Viagem é uma espécie de recheio. O pão é o nosso cotidiano, e o tempo passado fora pode ser peru ou mortadela. Ir a lugares desconhecidos e distantes figura, hoje, como uma necessidade de vida

Viajar é um dever que cumprimos alegremente

Anna Veronica Mautner

Já vai longe o tempo em que dar a volta ao mundo levava 80 dias. Hoje, dois dias é o suficiente. O velho prazer de viajar para se desligar do cotidiano, para ver e conhecer novos mundos, tornou-se um dever. Ir até o Rio, na década de 40, era uma longa viagem. Para o Norte e para o Nordeste, só mesmo de navio costeiro. Sair do Brasil era empreitada de semanas ou meses.
Na minha rua de lojistas de classe média, só uma pessoa empreendeu, naquela época, a aventura de ir até o Rio.
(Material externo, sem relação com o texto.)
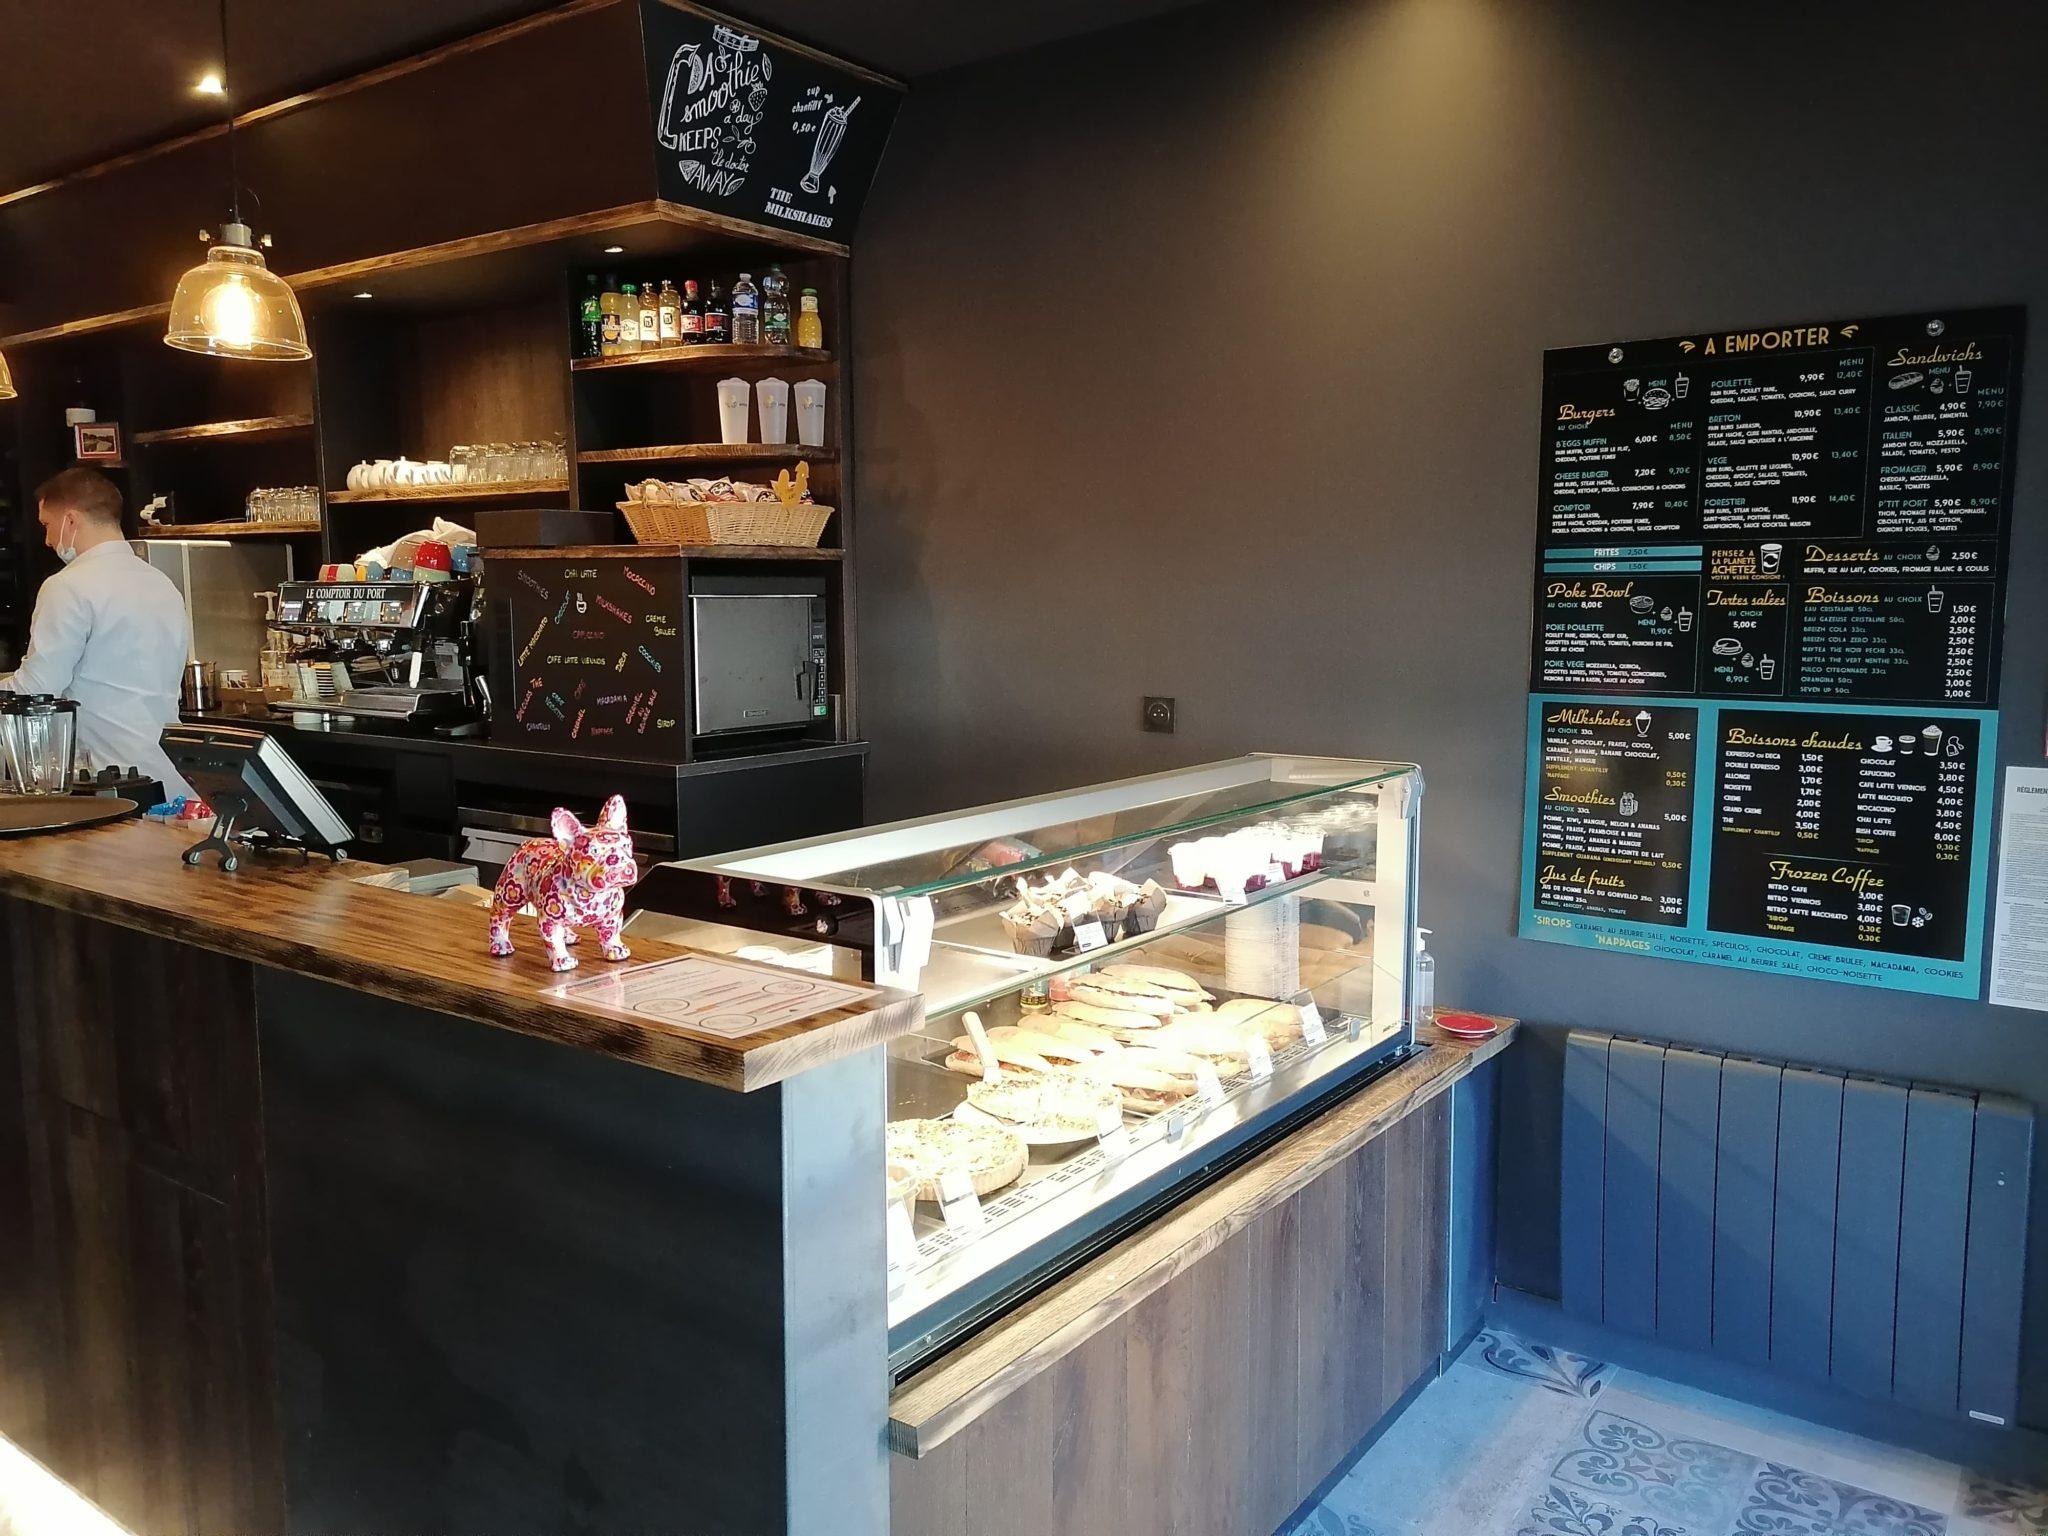 Café Bar Brasserie

Ela, Odete, foi de trem da Central e voltou um mês depois cheia de fotos em preto-e-branco que ia nos mostrando enquanto nós imaginávamos o colorido das paisagens. Virou pessoa importante lá na rua.
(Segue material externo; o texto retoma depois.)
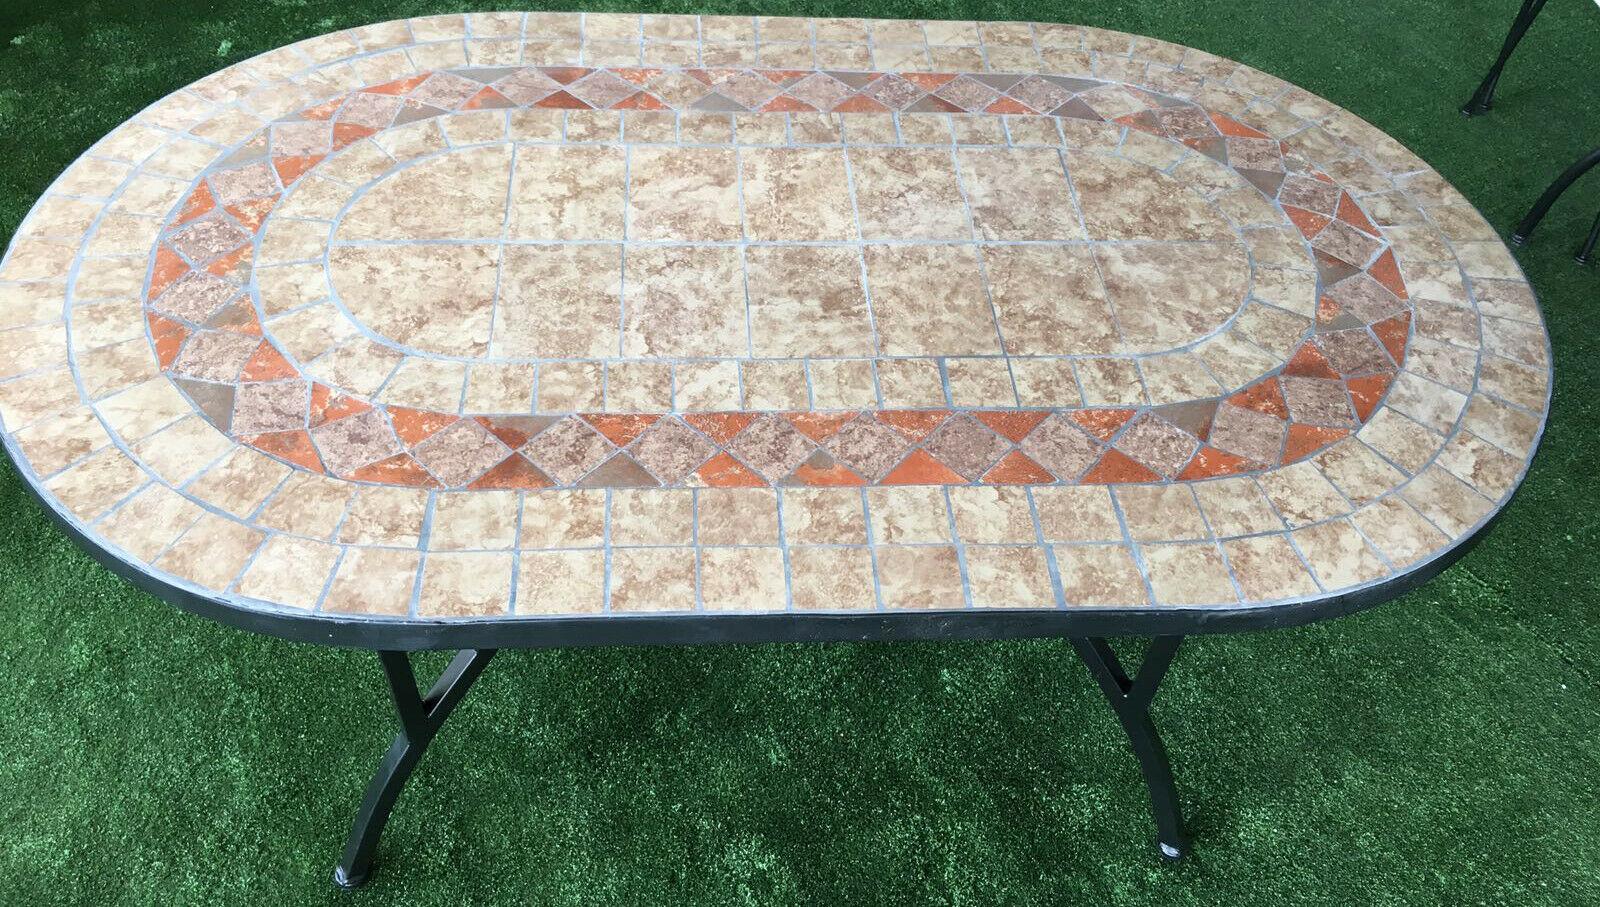 Tavolo Da Giardino Mosaico.Tavolo Da Giardino Ovale Con Mosaico Base In Acciaio Robusto Cm 150x90x745

Gente mais rica viajava mais, contudo para lugares distantes não iam mais do que algumas poucas vezes em toda uma vida.
Naquele tempo, viajar era coisa séria. Lembro-me dos primeiros Constelations nos quais se embarcava de forma solene: homens de terno e chapéu, mulheres de "tailleur", chapéu e luva. Conforme os meios de transporte se aperfeiçoaram, as viagens tornaram-se mais frequentes e comuns. O direito ao livre ir e vir foi-se transformando em dever, até que hoje nunca ter viajado é desdouro.
A rotina de nosso dia-a-dia nos pesa, e é por isso que estamos sempre à cata de aventuras de liberdade e autonomia que só nas viagens encontramos. Em trânsito, nós nos sentimos mais donos de nosso cotidiano. Alguns procuram surpresas, outros planejam tintim por tintim cada dia das férias, mas todos encontram, distantes do cotidiano, um alento para continuar, na volta, o ramerrão habitual.
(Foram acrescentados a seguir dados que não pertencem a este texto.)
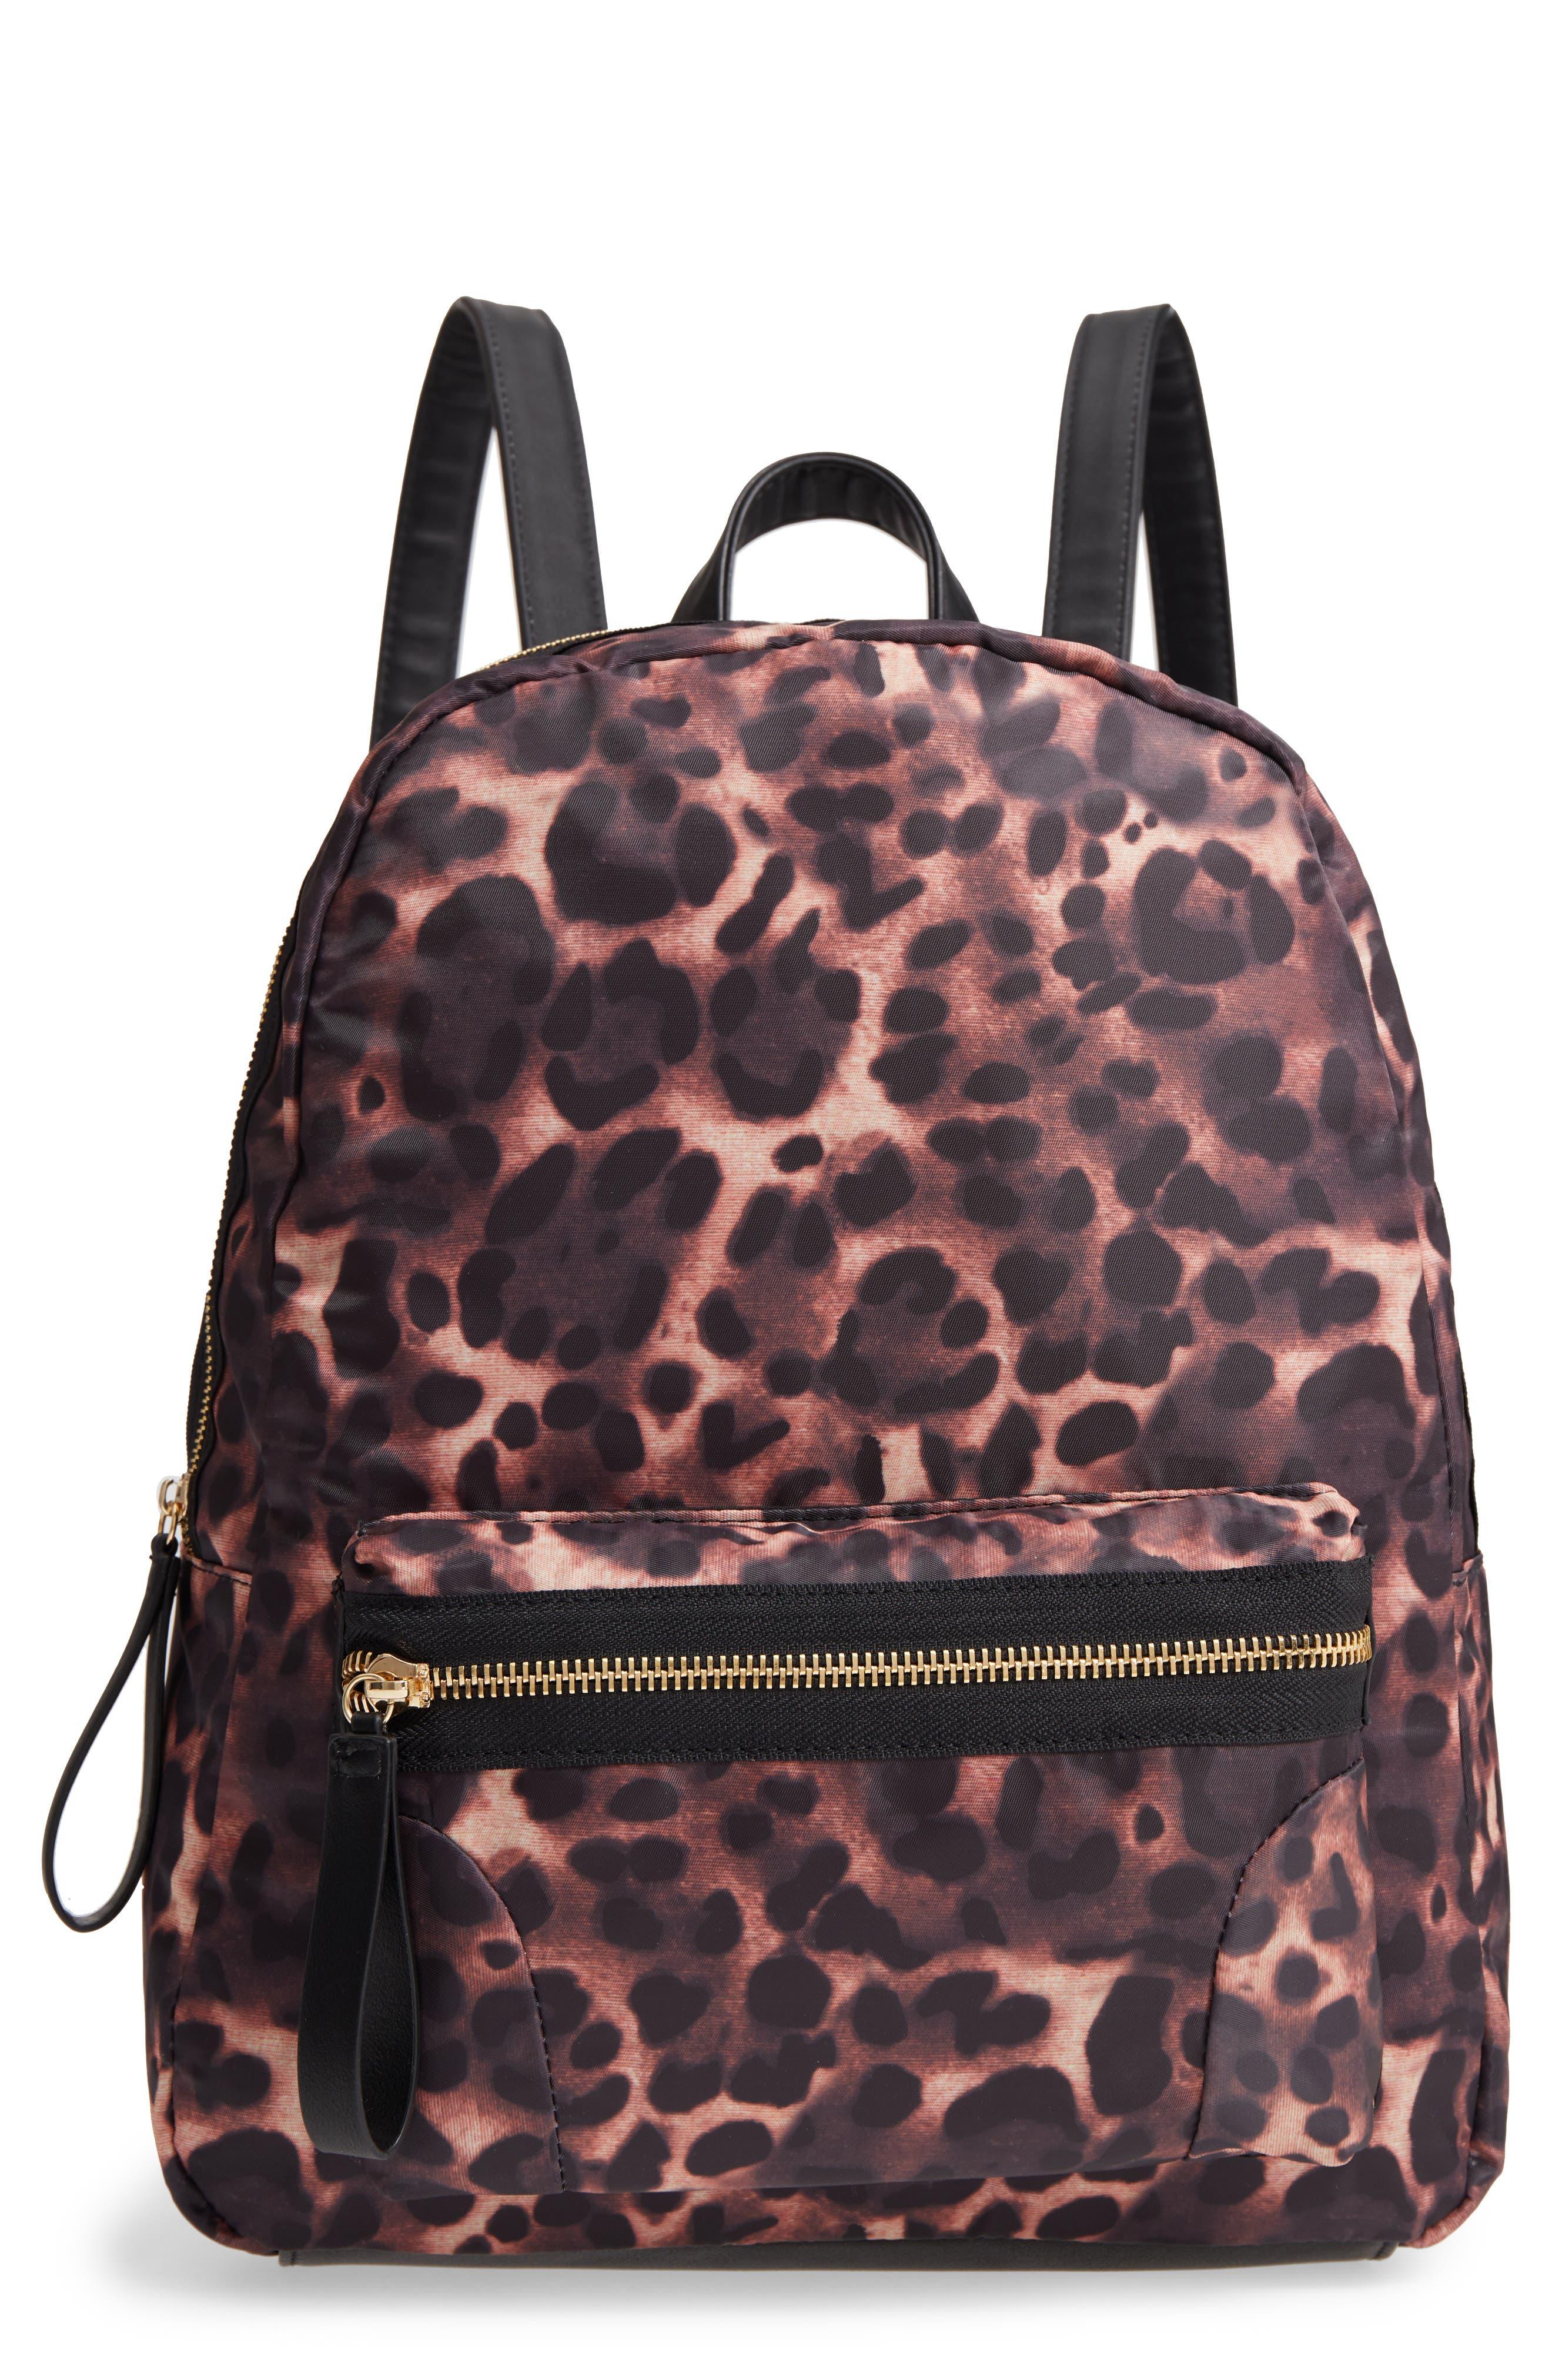 Leopard Print Nylon Backpack,                             Main thumbnail 1, color,                             200

Podemos fazer os planos sozinhos; podemos pedir ajuda à internet, a guias ou mesmo a agentes de viagem. Não importa como: férias são sempre uma ruptura nos hábitos e uma captura de graus de liberdade.
Transformadas em mercadoria vendida pelas agências e operadoras de viagens, as férias ganham novas funções, bem longe da mera quebra da rotina. "Carreira e emprego são bons quando prometem viagens. Currículo interessante é o que enumera estadas, cursos e aperfeiçoamento no exterior." Jovens mimados pela vida e pelas famílias topam lavar louça em restaurantes ou fazer faxina só para prolongar suas aventuras em terras estranhas.
Desde tempos imemoriais até hoje, quando o viajante volta para casa, não importa o tempo que tenha ficado fora, aparece investido das funções de narrador. Esse contador de história é o curioso que observou, anotou, fotografou, filmou para melhor ilustrar suas histórias.
Essa história não é contada como antigamente, com começo, meio e fim. tal qual a de minha vizinha ao voltar do Rio.
A comida, os alojamentos, as manhas dos motoristas de táxi, a descrição da pobreza e da riqueza vão entrando, sem pedir licença, na trama das conversas jogadas fora. Contamos fazendo de conta que perambular pelo mundo é trivial em nossas vidas.
Ai de quem não tem nada para contar! Pobre pessoa que não conhece o exterior da pátria amada ou pelo menos da cidade natal. E se nunca viu o mar nem andou de avião!
Viagem é uma espécie de recheio. O pão é o nosso cotidiano, e o tempo passado fora pode ser peru ou mortadela. Ir a lugares desconhecidos e distantes figura, hoje, como uma necessidade de vida. Além de linha no currículo profissional, é condição de participação em turmas e patotas.
E assim o direito de ir e vir, tornado obrigação pela mídia e pela indústria de turismo, encontra-nos prontos para cumprir o exigido com muito prazer. Nunca ter viajado, do ponto de vista da sociabilidade, é pior do que um jovem não saber dançar.
Sempre existiram e continuam existindo pessoas que não viajam, até mesmo dentro de uma certa elite. Machado de Assis, Mário de Andrade, Ariano Suassuna nunca foram conhecer o resto do mundo, apesar de terem viajado exaustivamente pelo Brasil. E nem por isso lhes faltou assunto para escrever.
Viajar é sonhar? Pode-se sonhar sem viajar?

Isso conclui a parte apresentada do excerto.